Dudenhofen - Die größte Straßenbaustelle Rodgaus liegt mitten im Wald hinter hohen Zäunen und Bäumen: Das Herzstück des Opel-Testzentrums, die 4,8 Kilometer lange Rundbahn, wird für die Zukunft fit gemacht. Von Ekkehard Wolf

Fast neun Millionen Euro investiert der Autohersteller in die Hightech-Strecke.

Mit jeder Menge Messtechnik wird die Fahrbahn aufgerüstet. „Der Asphalt wird intelligent“, sagt Dr. Matthias Schollmaier, der Leiter des Testzentrums. Antennen erfassen, wer wo wie schnell fährt. Sensoren messen Bodentemperatur, Salzgehalt, Eisdicke und Schneeflockengröße, um den Winterdienst zu optimieren. Auch Wetterdaten werden erfasst: Temperatur, Wind, Luftfeuchtigkeit und Niederschläge. Für die Testingenieure sind diese Angaben wichtig. Aus der Datenbank können sie die Umweltbedingungen zu jedem beliebigen Zeitpunkt abfragen.

Fahrbahnwellen sind nur im Millimeterbereich erlaubt

Die Fahrbahn muss fast Laborqualität aufweisen, damit die Testergebnisse verlässlich sind. Der Asphalt ist extrem glatt und gleichmäßig, Fahrbahnwellen sind nur im Millimeterbereich erlaubt.
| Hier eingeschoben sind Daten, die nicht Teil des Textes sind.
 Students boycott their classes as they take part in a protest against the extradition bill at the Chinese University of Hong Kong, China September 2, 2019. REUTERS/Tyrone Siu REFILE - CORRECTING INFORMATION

Der Rollwiderstand („Grip“) muss überall gleich sein. Deshalb gelten strenge Anforderungen fürs Material. Alle Steinchen im Asphalt stammen aus demselben Steinbruch im Rheingau. Neben ihrer Größe und dem Staubanteil sind sogar die Bruchkanten vorgeschrieben. „Das ist eine Mischung, die im normalen Straßenbau nicht erreichbar wäre“, so Schollmaier. „Wir bekommen die beste Asphaltqualität, die die Firma Strabag bisher eingebaut hat.“

Als Berater hat Opel eine weltweit anerkannte Asphalt-Koryphäe engagiert: Dr. Rainer Hart (Neuwied) ist seit 1996 am Bau fast aller Formel-1-Rennstrecken beteiligt.

Spezialisten ihres Fachs sind auch die Straßenbauer. Mit einem Brückenfertiger asphaltieren sie die gekrümmte Fahrbahn ohne störende Nähte. Von diesen Spezialmaschinen gibt es weltweit nur drei Exemplare.
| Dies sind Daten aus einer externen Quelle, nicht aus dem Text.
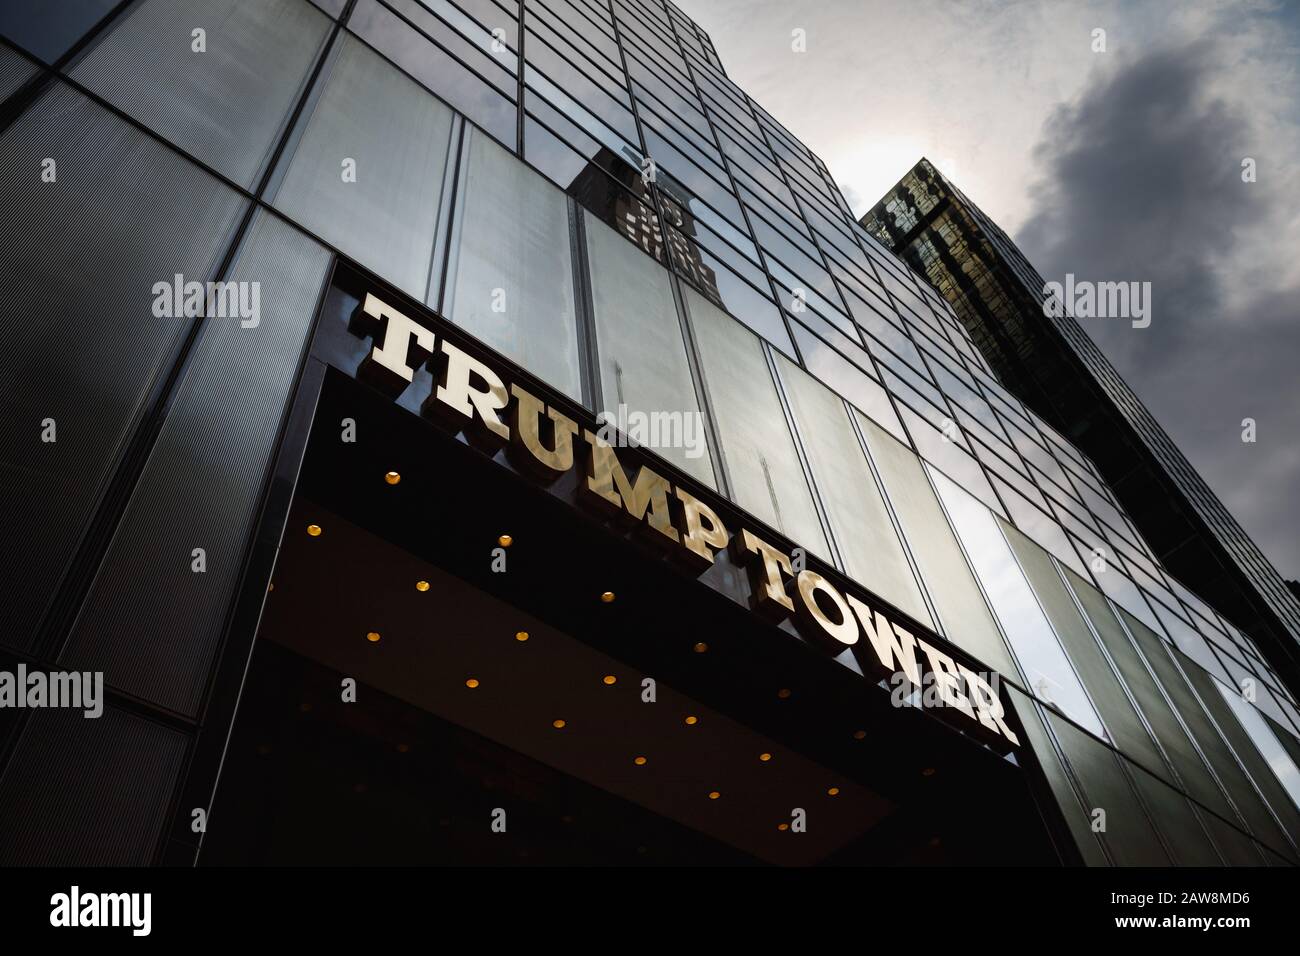 Trump tower entrance in New York City, luxury hotel lobby and  building with gold letters Stock Photo

„Wir machen die Kurve steiler“

Das ratternde Ungetüm wird von einer feinfühligen Elektronik gesteuert. Es orientiert sich an einer Metallschiene am Fahrbahnrand, die millimetergenau verlegt ist. 1,5 Meter pro Minute legt der Brückenfertiger zurück. Am Tag schafft er bis zu 600 Meter und verbraucht bis zu 1 000 Tonnen Asphalt. Zum Transport vom Mischwerk in Langen sind mehr als 50 große Mischfahrzeuge nötig.
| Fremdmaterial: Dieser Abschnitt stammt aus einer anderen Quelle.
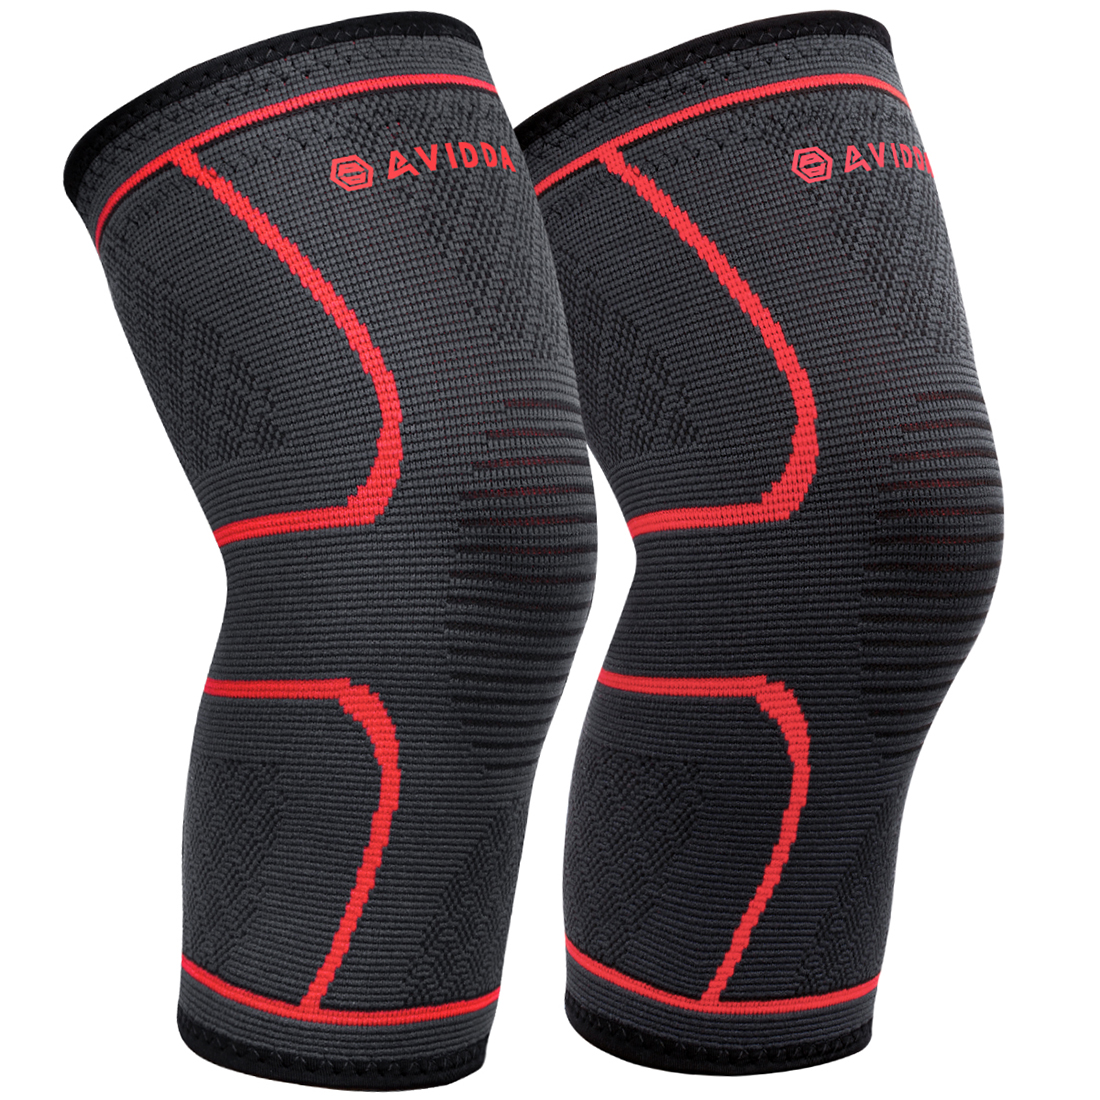 ACL Knee Braces & Ligament Supports

Mit der Erneuerung der beiden obersten Asphaltschichten ändert sich auch das Profil der Fahrbahn. Schollmaier: „Wir machen die Kurve steiler, von 37,5 auf 40 Grad. So können wir bei Höchstgeschwindigkeit 250 querkraftfrei einen größeren Abstand zur oberen Leitplanke einhalten.“ Der Sicherheit dienen auch helle LED-Spots, die alle zehn Meter als Warnsignal in die Leitplanke eingelassen werden. Sobald der Zentralrechner an einem Fahrzeug eine Panne feststellt, bekommen alle Testfahrer das Signal zum Anhalten. Das verhindert Unfälle.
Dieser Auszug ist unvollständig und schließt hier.